Cockayne syndrome (CS), also called Neill-Dingwall syndrome, is a rare autosomal recessive neurodegenerative disorder characterized by growth failure, impaired development of the nervous system, abnormal sensitivity to sunlight (photosensitivity), eye disorders and premature aging.[1][2][3] Failure to thrive and neurological disorders are criteria for diagnosis, while photosensitivity, hearing loss, eye abnormalities, and cavities are other very common features.[3] Problems with any or all of the internal organs are possible. It is associated with a group of disorders called leukodystrophies, which are conditions characterized by degradation of neurological white matter. The underlying disorder is a defect in a DNA repair mechanism.[4] Unlike other defects of DNA repair, patients with CS are not predisposed to cancer or infection.[5] Cockayne syndrome is a rare but destructive disease usually resulting in death within the first or second decade of life. The mutation of specific genes in Cockayne syndrome is known, but the widespread effects and its relationship with DNA repair is yet to be well understood.[5]
It is named after English physician Edward Alfred Cockayne (1880–1956) who first described it in 1936 and re-described in 1946.[6] Neill-Dingwall syndrome was named after Mary M. Dingwall and Catherine A. Neill.[6] These women described the case of two brothers with Cockayne syndrome and asserted it was the same disease described by Cockayne. In their article the women contributed to the symptoms of the disease through their discovery of calcifications in the brain. They also compared Cockayne syndrome to what is now known as Hutchinson-Gilford progeria syndrome (HGPS), then called progeria, due to the advanced aging that characterizes both disorders.[6]
Forms
- CS Type I, the "classic" form, is characterized by normal fetal growth with the onset of abnormalities in the first two years of life. Vision and hearing gradually decline.[7] The central and peripheral nervous systems progressively degenerate until death in the first or second decade of life as a result of serious neurological degradation. Cortical atrophy is less severe in CS Type I.[8]
- CS Type II is present from birth (congenital) and is much more severe than CS Type 1.[7] It involves very little neurological development after birth. Death usually occurs by age seven. This specific type has also been designated as cerebro-oculo-facio-skeletal (COFS) syndrome or Pena-Shokeir syndrome Type II.[7] COFS syndrome is named so due to the effects it has on the brain, eyes, face, and skeletal system, as the disease frequently causes brain atrophy, cataracts, loss of fat in the face, and osteoporosis.

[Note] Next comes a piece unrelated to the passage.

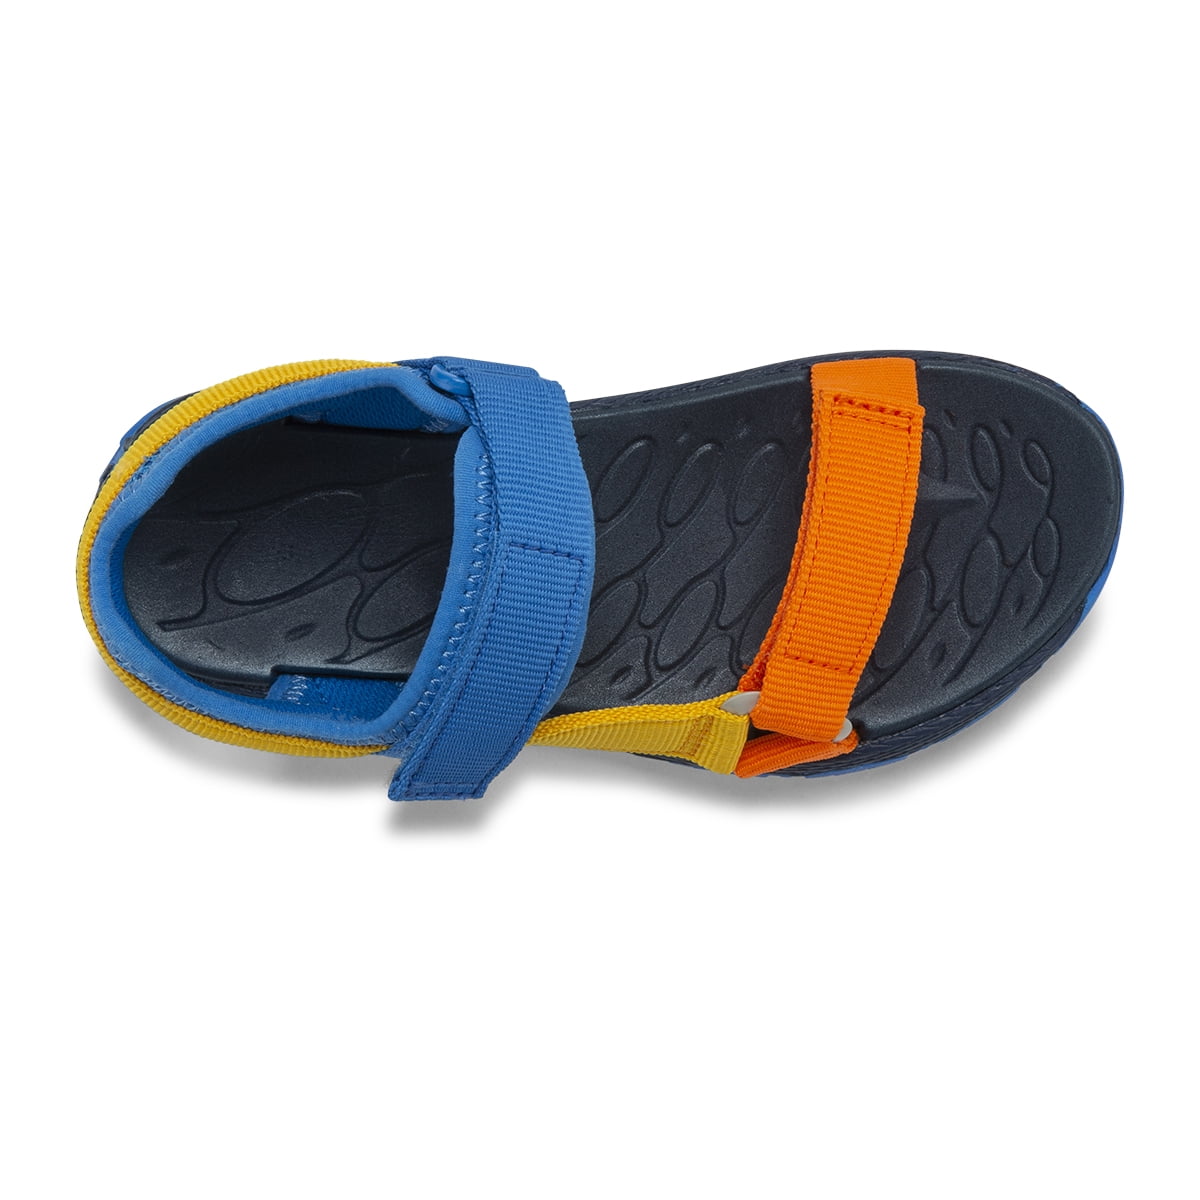 Merrell Boys Kahuna Web Boys's Shoes Sandals Multicoloured Sports Outdoors

COFS syndrome can be further subdivided into several conditions (COFS types 1, 2, 3 (associated with xeroderma pigmentosum) and 4).[9] Typically patients with this early-onset form of the disorder show more severe brain damage, including reduced myelination of white matter, and more widespread calcifications, including in the cortex and basal ganglia.[8]
- CS Type III, characterized by late onset, is typically milder than Types I and II.[7] Often patients with Type III will live into adulthood.
- Xeroderma pigmentosum-Cockayne syndrome (XP-CS) occurs when an individual also suffers from xeroderma pigmentosum, another DNA repair disease. Some symptoms of each disease are expressed. For instance, freckling and pigment abnormalities characteristic of XP are present. The neurological disorder, spasticity, and underdevelopment of sexual organs characteristic of CS are seen. However, hypomyelination and the facial features of typical CS patients are not present.[10]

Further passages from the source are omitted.